TASK ITEM
Output the data below exactly as it is, dropping the pictures from your copy.

EXERCISE DATA

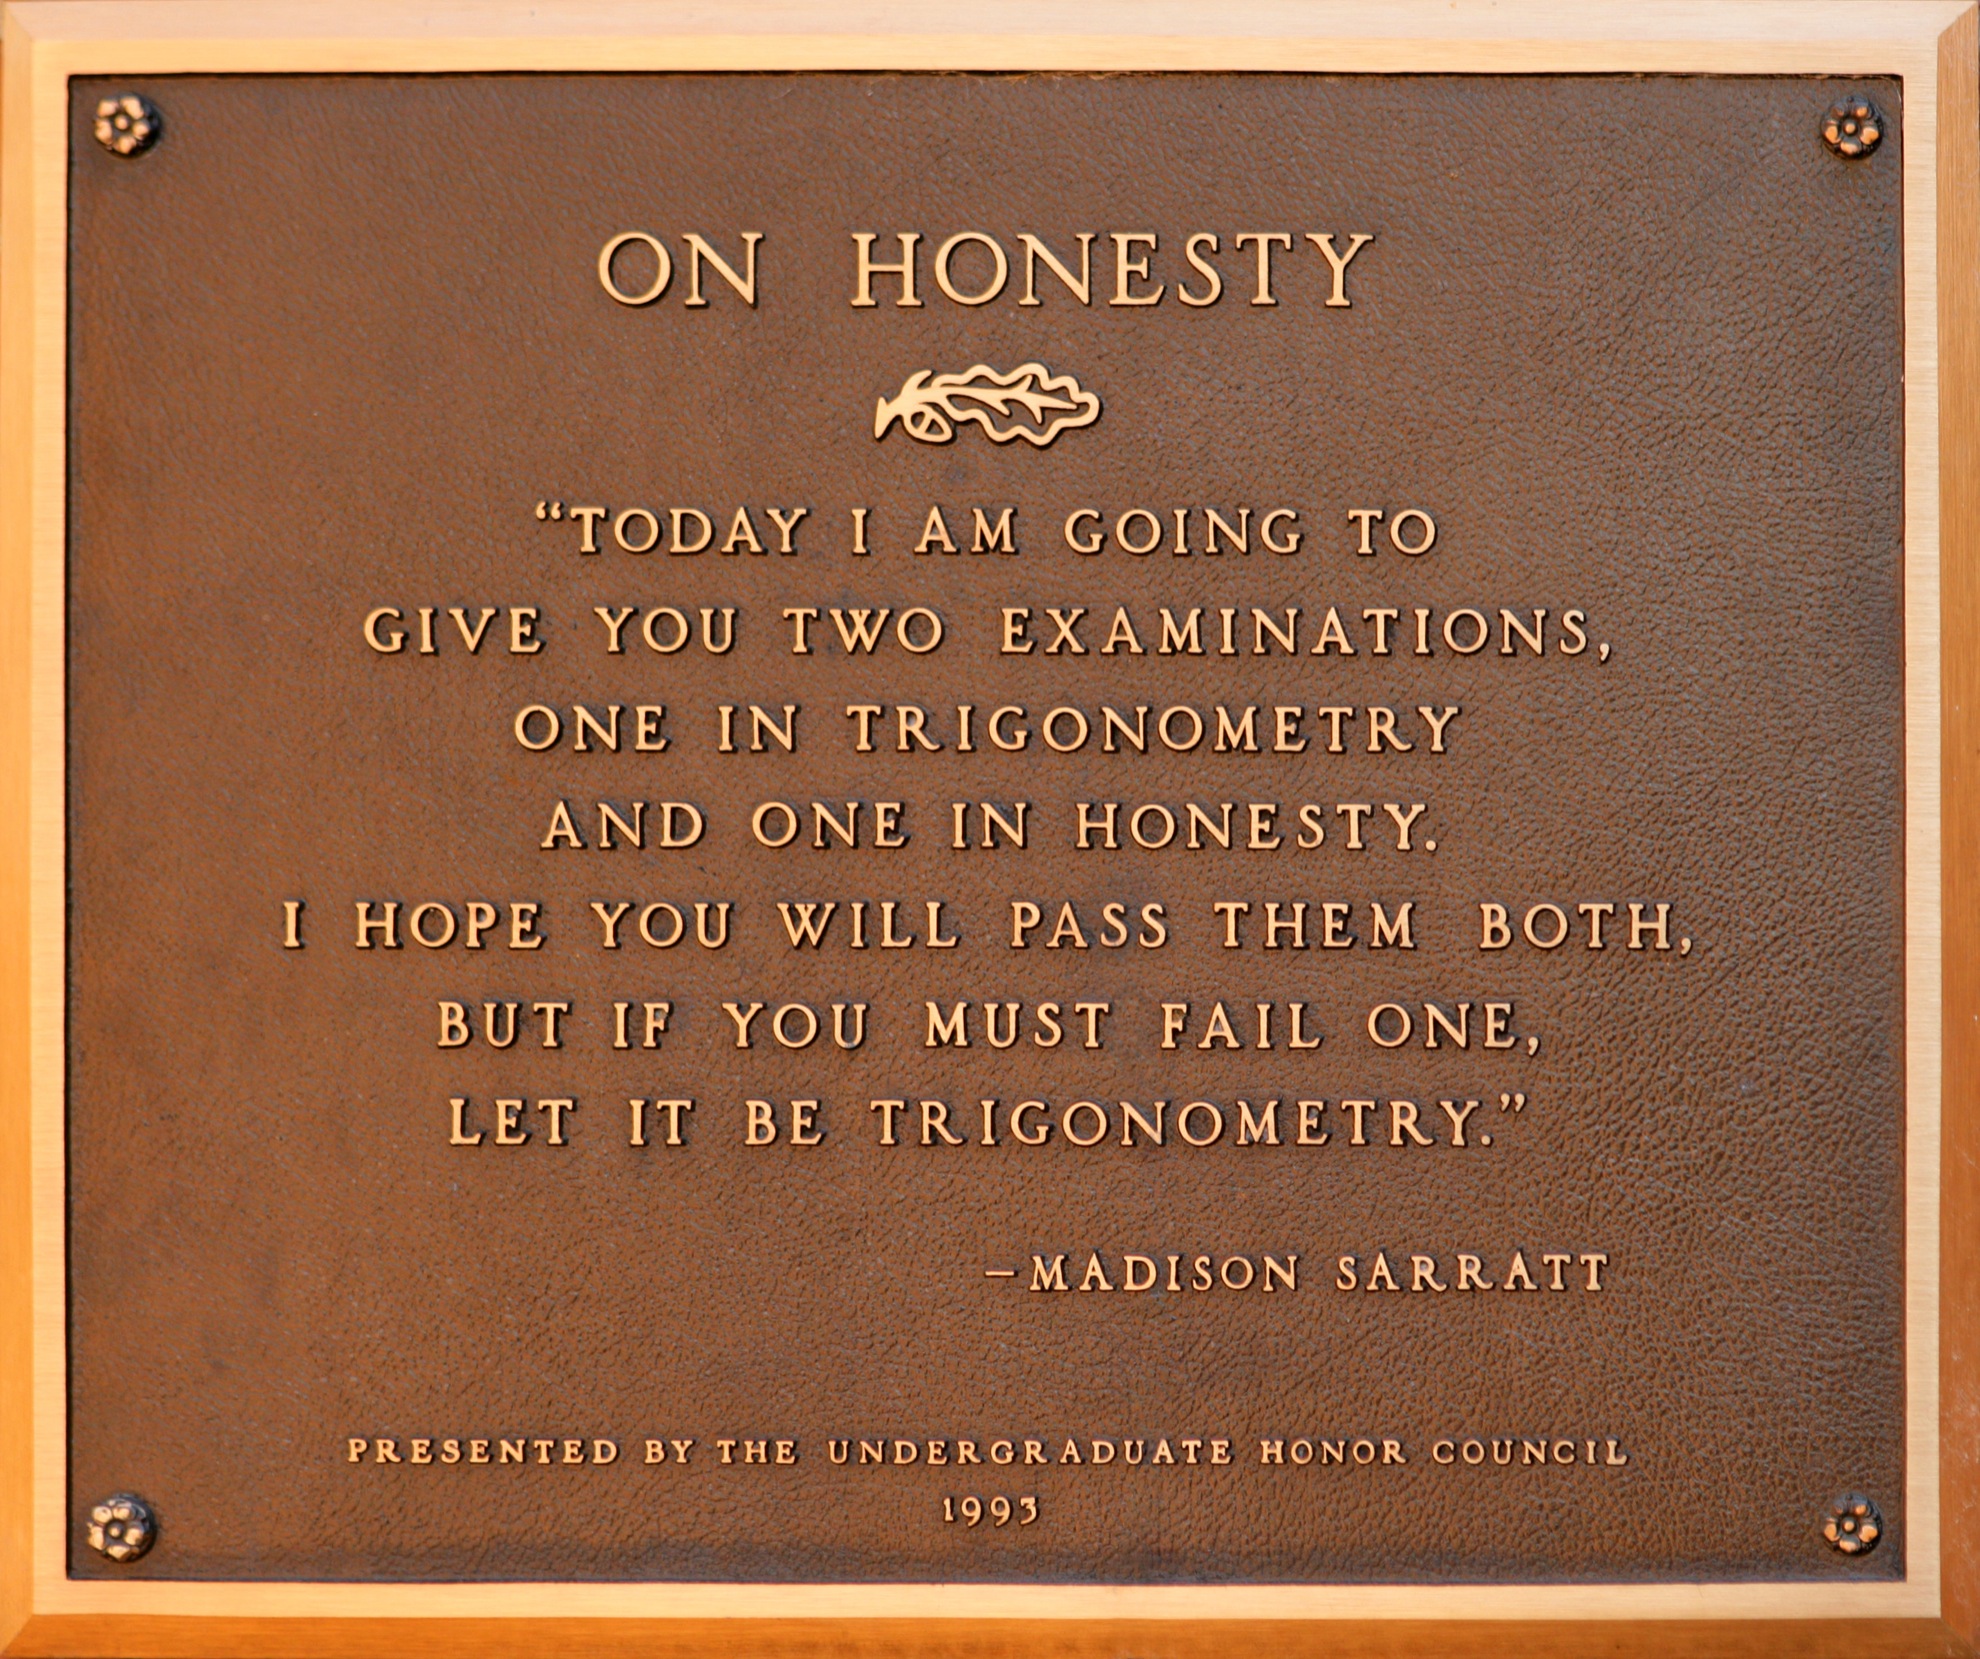 Vanderbilt University's plaque "On Honesty"
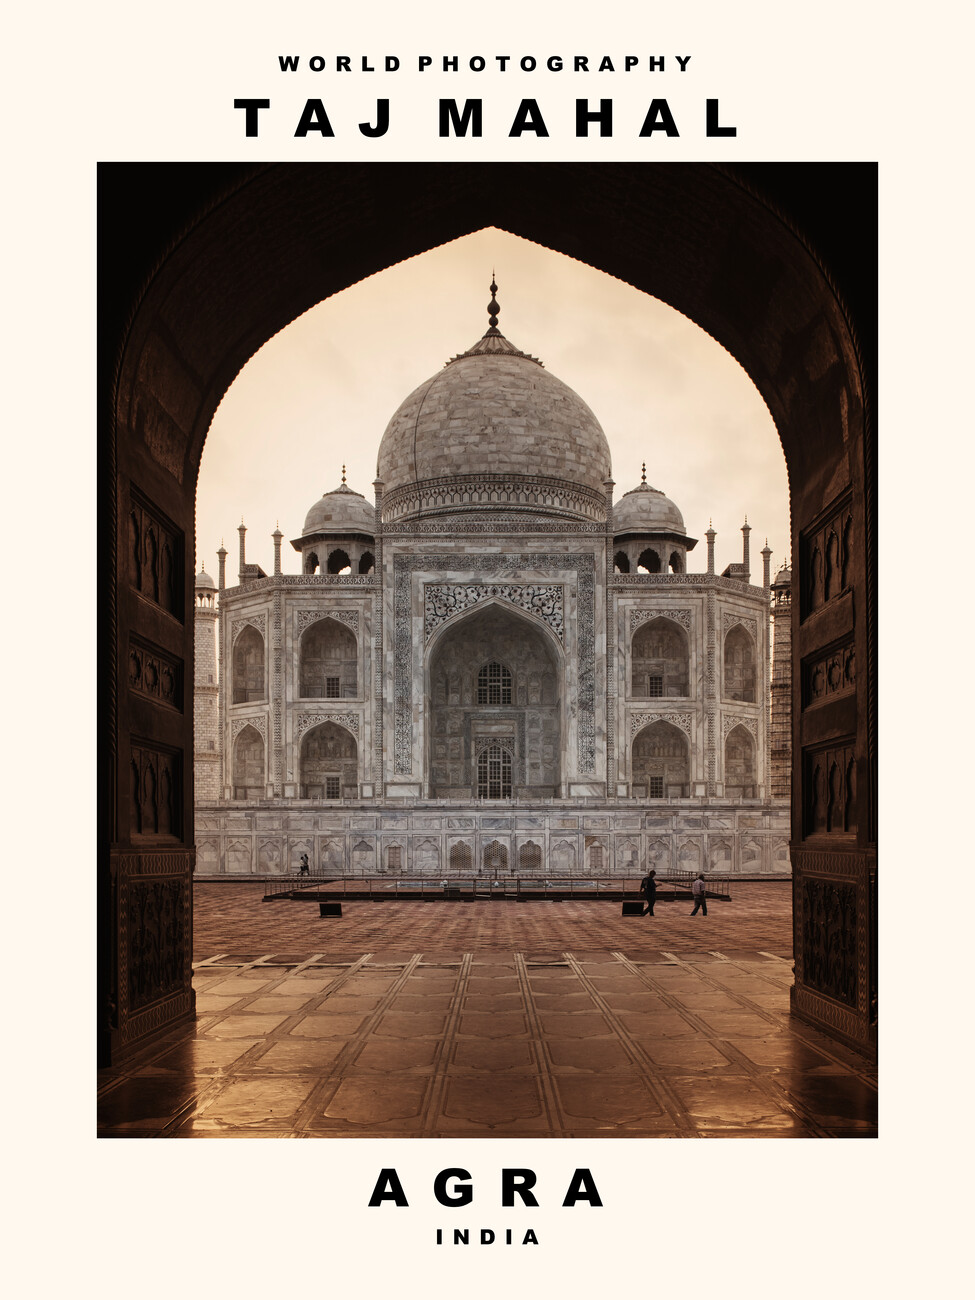 Taj Mahal (Agra, | +250 Wall Prints, India) Murals 000 | Posters, Art motifs
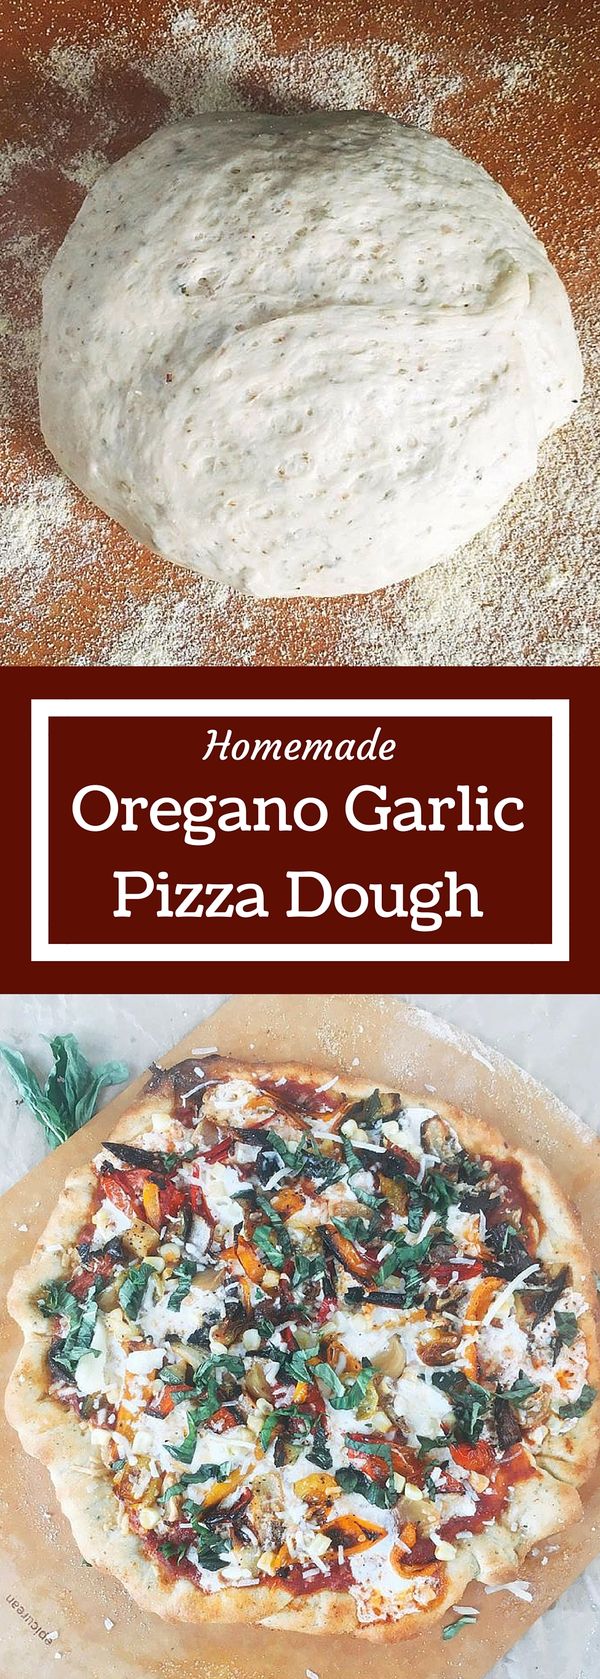 Oregano Garlic Pizza Dough

EXPECTED OUTPUT
 Vanderbilt University's plaque "On Honesty"
 Taj Mahal (Agra, | +250 Wall Prints, India) Murals 000 | Posters, Art motifs
 Oregano Garlic Pizza Dough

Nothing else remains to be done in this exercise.